* **Problem statement**
The line containing "Viajando o Brasil" marks the end, so write out exactly every line from the top of the entries below through that one.

───── Task input

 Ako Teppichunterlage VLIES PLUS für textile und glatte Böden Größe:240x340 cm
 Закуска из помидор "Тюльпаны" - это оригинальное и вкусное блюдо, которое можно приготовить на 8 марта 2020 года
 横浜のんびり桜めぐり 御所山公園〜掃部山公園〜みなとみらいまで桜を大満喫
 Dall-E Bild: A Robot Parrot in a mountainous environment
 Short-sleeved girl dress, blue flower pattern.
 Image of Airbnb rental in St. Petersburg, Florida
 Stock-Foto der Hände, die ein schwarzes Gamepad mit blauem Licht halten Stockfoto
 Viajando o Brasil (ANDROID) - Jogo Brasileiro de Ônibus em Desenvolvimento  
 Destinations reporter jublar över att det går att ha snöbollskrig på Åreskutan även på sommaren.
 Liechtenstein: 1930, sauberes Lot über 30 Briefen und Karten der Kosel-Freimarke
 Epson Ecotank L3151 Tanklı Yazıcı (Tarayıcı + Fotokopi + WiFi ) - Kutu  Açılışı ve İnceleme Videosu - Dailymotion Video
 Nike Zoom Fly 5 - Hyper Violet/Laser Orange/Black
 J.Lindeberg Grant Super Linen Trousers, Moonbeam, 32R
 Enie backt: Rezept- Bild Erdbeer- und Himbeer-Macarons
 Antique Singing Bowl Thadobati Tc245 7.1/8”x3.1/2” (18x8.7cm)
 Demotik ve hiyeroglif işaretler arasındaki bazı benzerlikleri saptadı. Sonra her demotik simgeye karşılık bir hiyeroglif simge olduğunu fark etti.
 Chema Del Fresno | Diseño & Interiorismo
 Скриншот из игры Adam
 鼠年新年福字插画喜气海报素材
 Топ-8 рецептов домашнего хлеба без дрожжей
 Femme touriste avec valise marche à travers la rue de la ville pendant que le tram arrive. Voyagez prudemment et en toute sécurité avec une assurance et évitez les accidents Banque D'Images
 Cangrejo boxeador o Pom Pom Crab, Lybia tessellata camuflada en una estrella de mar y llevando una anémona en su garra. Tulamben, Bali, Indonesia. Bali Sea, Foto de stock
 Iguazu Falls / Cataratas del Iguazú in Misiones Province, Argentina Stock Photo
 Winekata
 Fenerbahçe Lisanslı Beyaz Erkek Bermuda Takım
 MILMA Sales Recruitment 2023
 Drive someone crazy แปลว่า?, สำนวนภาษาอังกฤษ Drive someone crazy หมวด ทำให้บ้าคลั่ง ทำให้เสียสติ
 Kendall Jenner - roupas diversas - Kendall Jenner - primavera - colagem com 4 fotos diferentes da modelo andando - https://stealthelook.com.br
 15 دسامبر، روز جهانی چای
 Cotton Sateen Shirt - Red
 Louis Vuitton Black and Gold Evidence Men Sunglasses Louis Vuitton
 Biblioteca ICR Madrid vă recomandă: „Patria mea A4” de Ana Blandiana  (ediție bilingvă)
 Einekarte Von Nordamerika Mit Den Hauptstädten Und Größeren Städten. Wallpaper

──────────

* **Answer space**
 Ako Teppichunterlage VLIES PLUS für textile und glatte Böden Größe:240x340 cm
 Закуска из помидор "Тюльпаны" - это оригинальное и вкусное блюдо, которое можно приготовить на 8 марта 2020 года
 横浜のんびり桜めぐり 御所山公園〜掃部山公園〜みなとみらいまで桜を大満喫
 Dall-E Bild: A Robot Parrot in a mountainous environment
 Short-sleeved girl dress, blue flower pattern.
 Image of Airbnb rental in St. Petersburg, Florida
 Stock-Foto der Hände, die ein schwarzes Gamepad mit blauem Licht halten Stockfoto
 Viajando o Brasil (ANDROID) - Jogo Brasileiro de Ônibus em Desenvolvimento  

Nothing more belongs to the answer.